- [Task to carry out]: Return the lines beginning at the one that contains "pequeño casa origami" and continuing to the end of the entries, including both ends, exactly as written and nothing else.

(Extracted records)
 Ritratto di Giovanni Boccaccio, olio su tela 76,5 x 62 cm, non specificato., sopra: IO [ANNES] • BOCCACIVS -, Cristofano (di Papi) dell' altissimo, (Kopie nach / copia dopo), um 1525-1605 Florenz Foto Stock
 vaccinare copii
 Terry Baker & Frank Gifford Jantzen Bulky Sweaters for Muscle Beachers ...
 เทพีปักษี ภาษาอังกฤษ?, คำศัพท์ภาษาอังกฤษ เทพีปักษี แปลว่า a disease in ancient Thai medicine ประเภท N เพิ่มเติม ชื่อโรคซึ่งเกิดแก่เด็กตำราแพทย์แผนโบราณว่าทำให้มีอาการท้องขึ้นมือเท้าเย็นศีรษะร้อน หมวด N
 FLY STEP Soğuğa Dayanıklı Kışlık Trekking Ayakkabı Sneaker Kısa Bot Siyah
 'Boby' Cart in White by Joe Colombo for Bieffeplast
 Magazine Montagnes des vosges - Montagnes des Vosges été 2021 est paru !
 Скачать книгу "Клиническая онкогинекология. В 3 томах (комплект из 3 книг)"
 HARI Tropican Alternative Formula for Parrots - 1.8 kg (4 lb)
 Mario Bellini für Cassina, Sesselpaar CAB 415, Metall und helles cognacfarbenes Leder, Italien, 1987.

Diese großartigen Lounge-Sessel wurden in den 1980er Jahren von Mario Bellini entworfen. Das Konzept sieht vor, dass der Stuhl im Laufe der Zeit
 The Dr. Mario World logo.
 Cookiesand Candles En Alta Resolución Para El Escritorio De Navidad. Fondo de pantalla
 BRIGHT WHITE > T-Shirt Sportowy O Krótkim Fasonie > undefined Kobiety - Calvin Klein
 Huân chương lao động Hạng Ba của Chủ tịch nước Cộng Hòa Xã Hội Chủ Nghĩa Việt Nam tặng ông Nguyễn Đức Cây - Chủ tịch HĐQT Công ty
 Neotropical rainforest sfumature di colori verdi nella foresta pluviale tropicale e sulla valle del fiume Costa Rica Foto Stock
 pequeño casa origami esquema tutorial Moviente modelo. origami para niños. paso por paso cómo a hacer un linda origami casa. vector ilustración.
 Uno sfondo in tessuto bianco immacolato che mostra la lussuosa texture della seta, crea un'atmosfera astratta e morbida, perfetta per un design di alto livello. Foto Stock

- [Exercise output]:
 pequeño casa origami esquema tutorial Moviente modelo. origami para niños. paso por paso cómo a hacer un linda origami casa. vector ilustración.
 Uno sfondo in tessuto bianco immacolato che mostra la lussuosa texture della seta, crea un'atmosfera astratta e morbida, perfetta per un design di alto livello. Foto Stock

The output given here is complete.